I still vape unflavored at least 50% of the time.

Sent from my SM-A510F using Tapatalk

Reactions: Like 2


----------



## antonherbst (25/9/17)

I am alot more broke now than before i started vaping.. But i am off hookah now for over a year and its wonderful to have taste back and be able to jog now on a regular basis. As for flavors i started out with pure fruits and now more into menthol fruits. Oh and just i an now more broke than before.

Reactions: Like 2


----------



## Puff the Magic Dragon (25/9/17)

When I started vaping I used only tobacco for a couple of weeks. For me it didn't taste close to smoking stinkies, so I moved on to mainly fruity flavours. Although I didn't touch another stinky from day one, I think the move away from tobacco flavours was my way of proving to myself that I had given up cigarettes forever. I think that it represented a total break with my smoking past.

I now only DIY and make mostly fruits, some menthol, and now and again the odd dessert. Never tobacco. 

I am resigned to the fact that my ability to appreciate complex flavours and tastes is somewhat limited. The concept of "top notes" and "a hint of grape grown on the northern slopes" is totally foreign to me. The best I can hope for is something like....it tastes like the grapes that I like ...or... I don't particularly like this particular grape flavor. 

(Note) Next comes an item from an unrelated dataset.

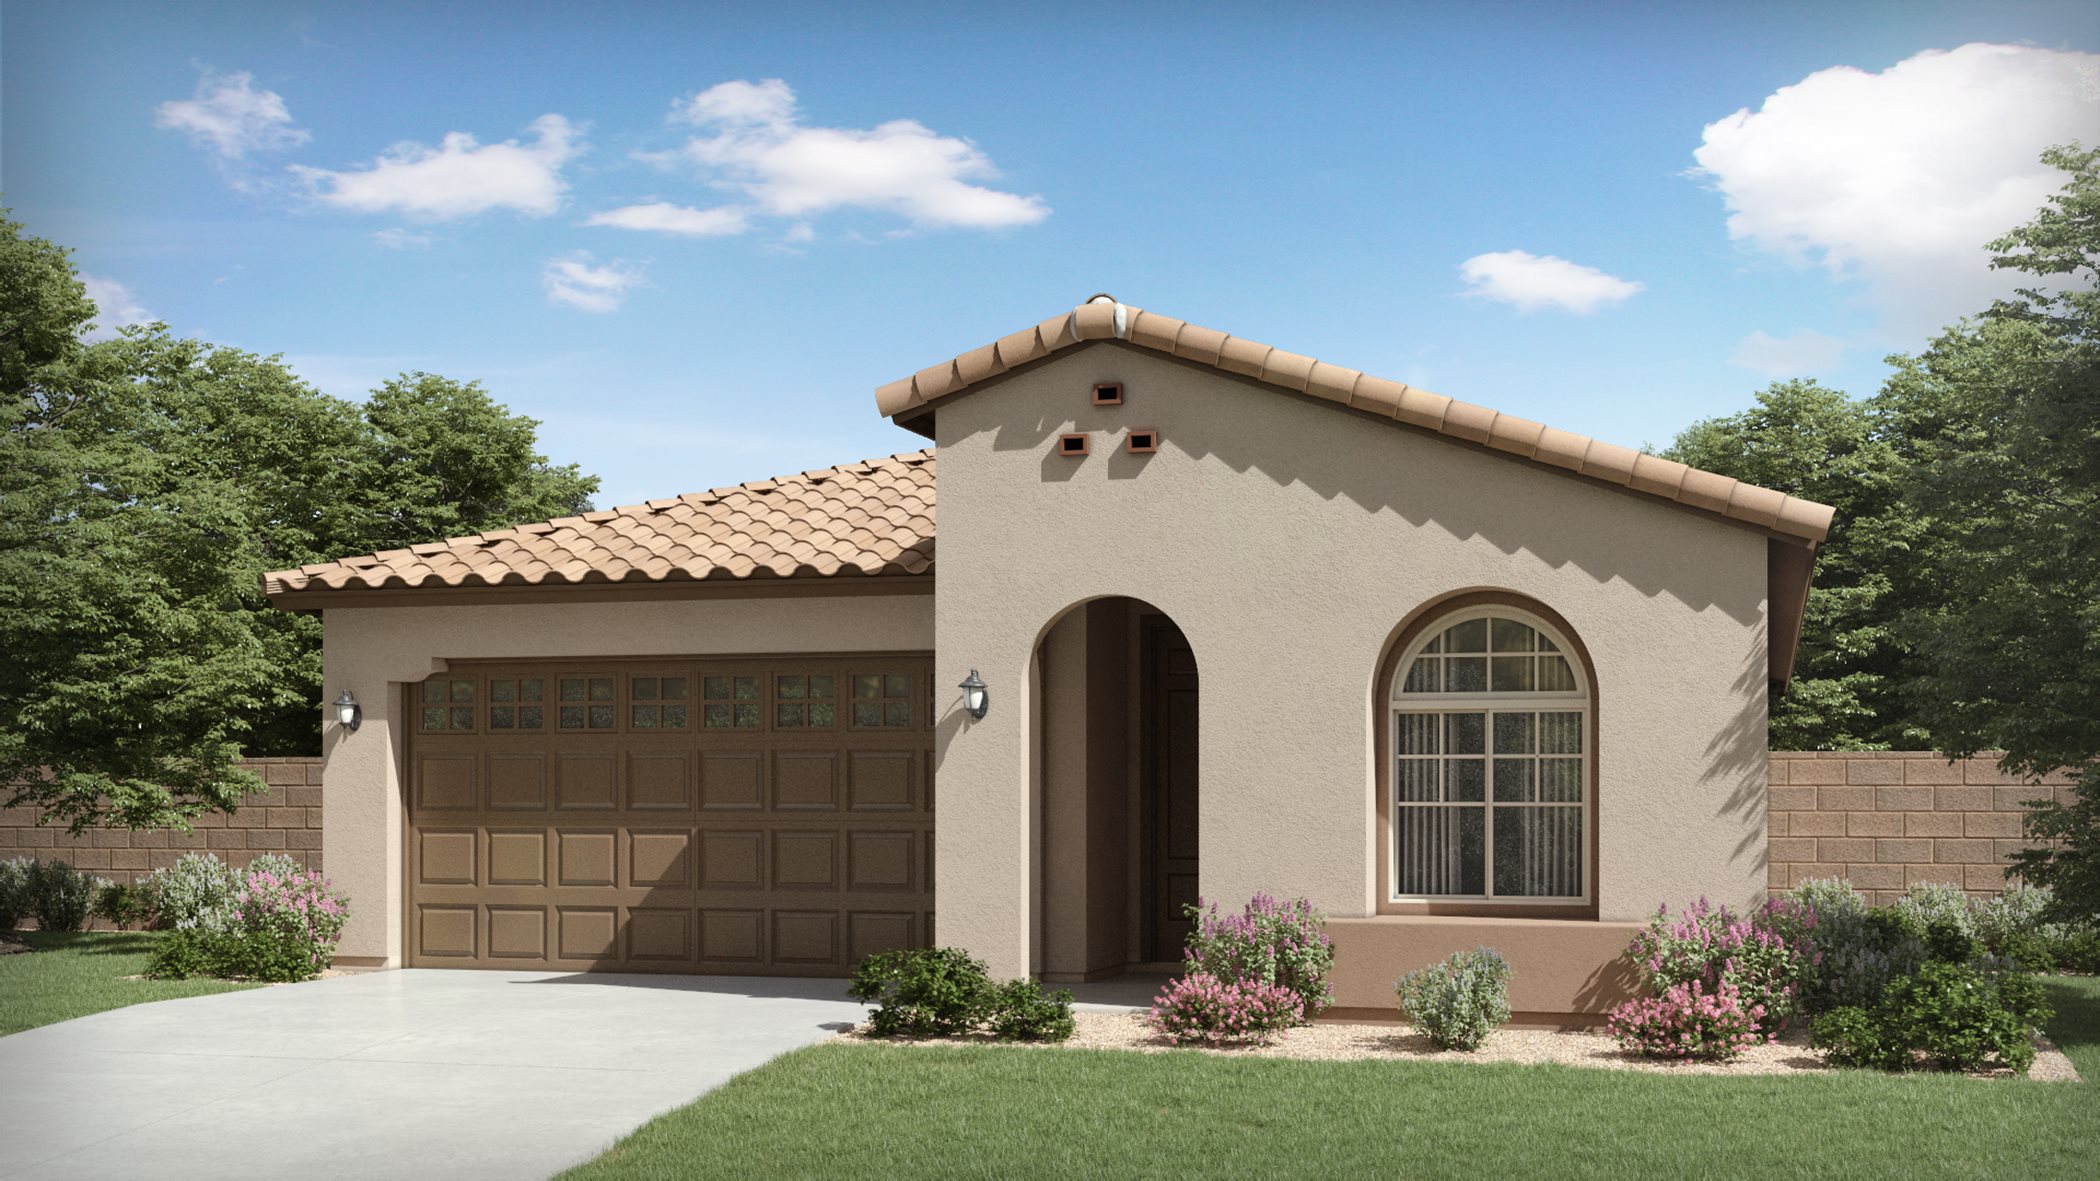 Ironwood Plan 3518 A Spanish Colonial

I don't view this handicap as a curse, but see it as a bit of a blessing. It means that I like 90% of the juices I make, and don't have to chase the perfect juice. 

An article in "Scientific American " states that ..."Although the percentages vary around the world and with different populations of people, around 25 to 30 percent of people are thought to be supertasters, 40 to 50 percent average tasters, and 25 to 30 percent non-tasters".

I guess I fall somewhere in the average tasters group.

I must admit that the Skyline and Hadaly have definitely improved the taste/flavor of juice for me.

Reactions: Like 3


----------



## Mida Khan (25/9/17)

Started with tobacco flavours, moved to desserts and now really a beverage fan like coffee, sodas, smoothies, frappes. But can't settle on an Adv, always chopping and changing!


----------



## shabbar (25/9/17)

5 years later and still haven't found my adv. 

Started off with menthols then to desserts , just recently I've been vaping cool fruits.

Reactions: Like 1 | Can relate 1


----------